═════ Provided material

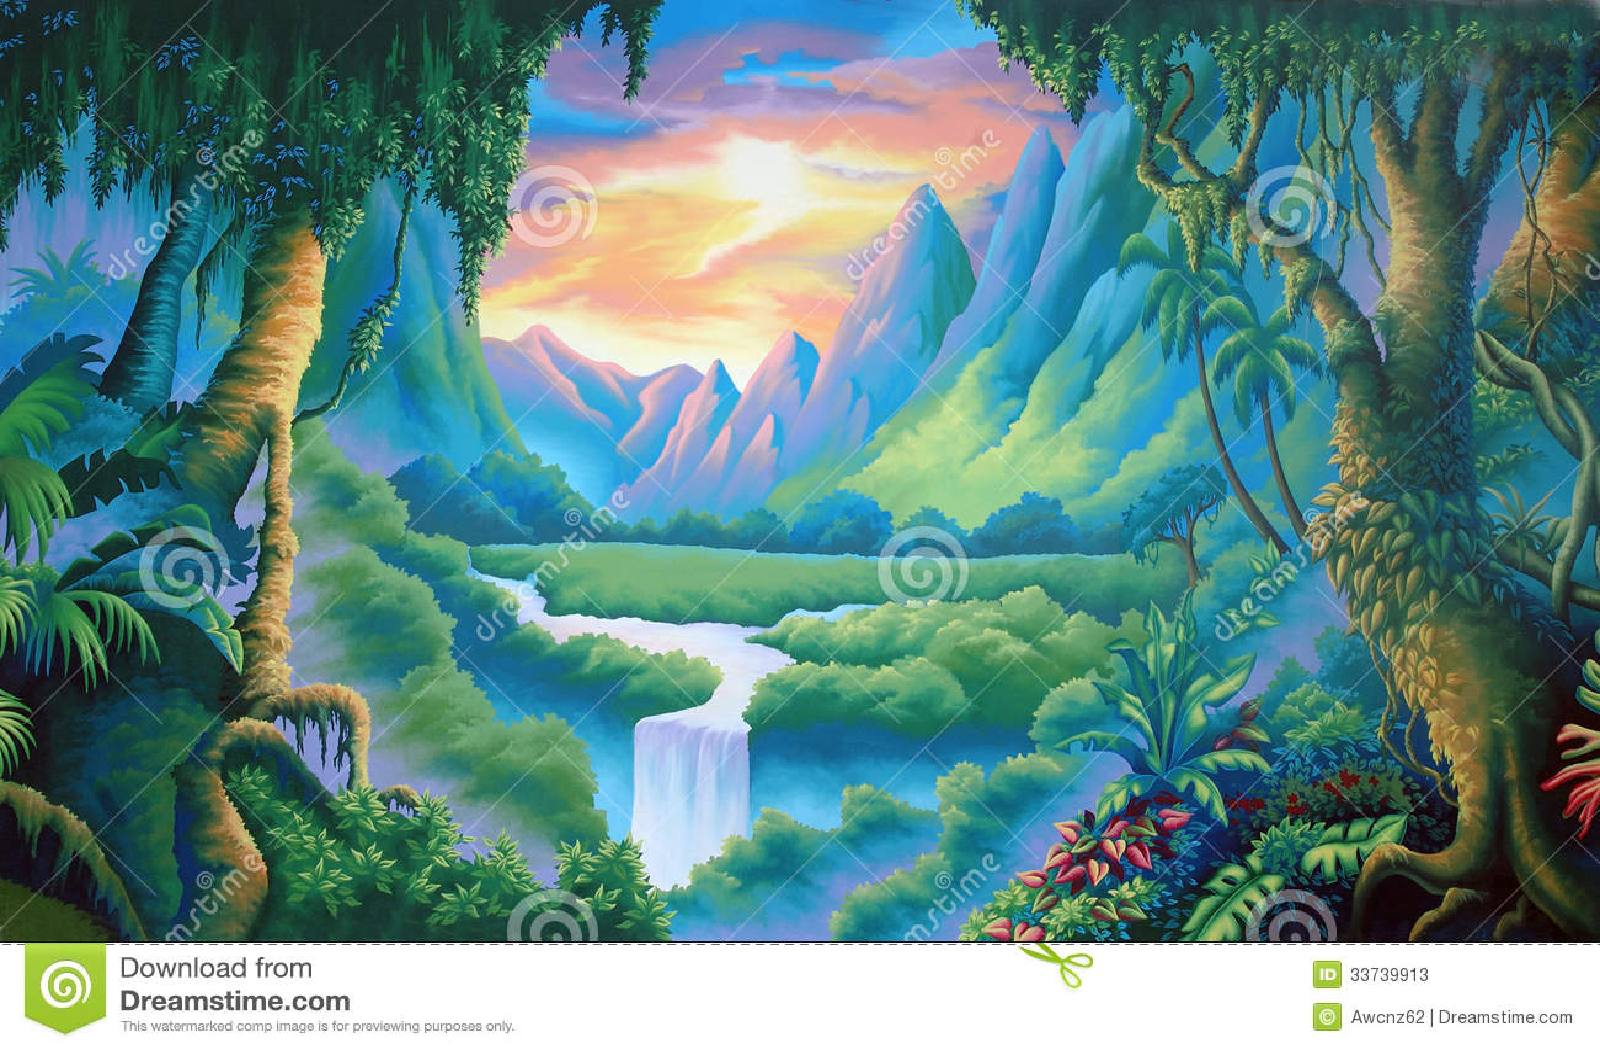 Jungle backdrop stock illustration Illustration of serenity
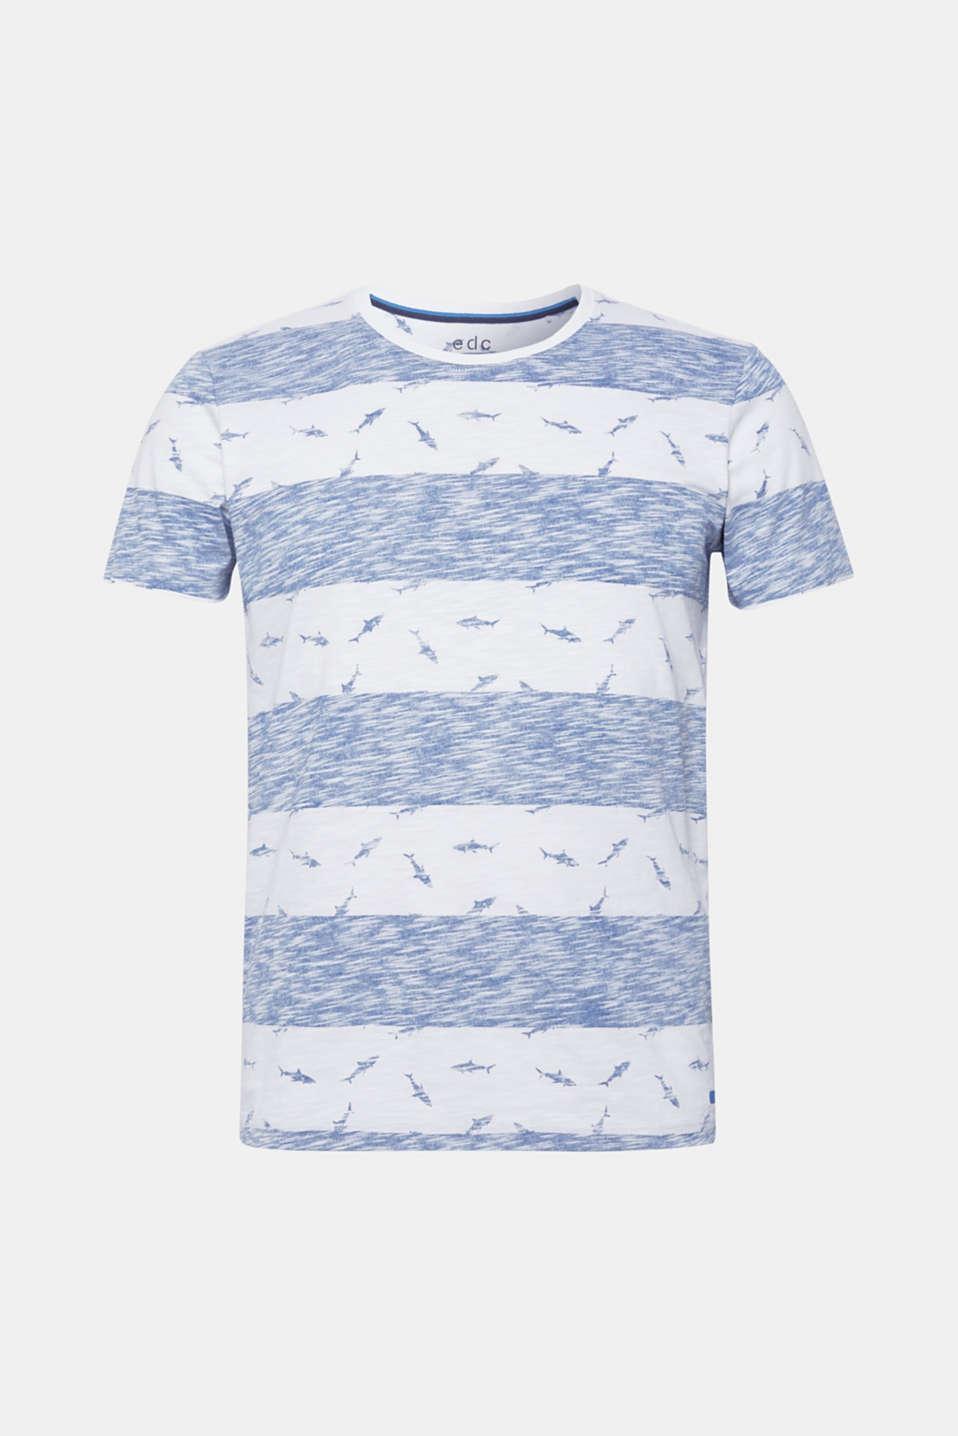 Slub jersey shirt with a shark print, BLUE, detail image number 6
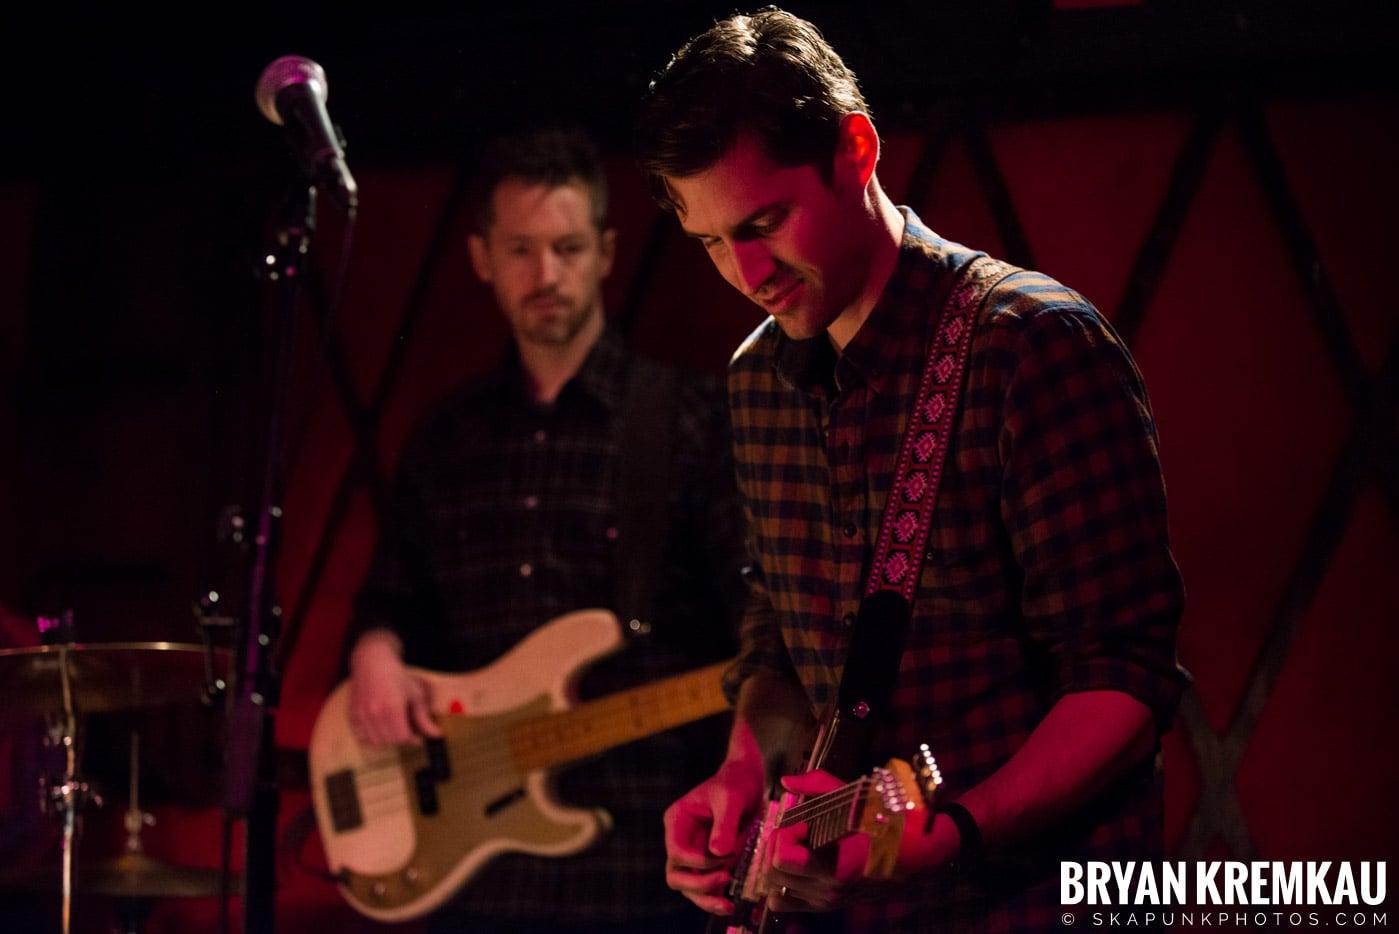 Peter Bradley Adams @ Rockwood Music Hall, NYC - 3.9.13 (16)

══════════

What is expected — Copy the full listing above exactly, apart from the pictures.

Task output —
 Jungle backdrop stock illustration Illustration of serenity
 Slub jersey shirt with a shark print, BLUE, detail image number 6
 Peter Bradley Adams @ Rockwood Music Hall, NYC - 3.9.13 (16)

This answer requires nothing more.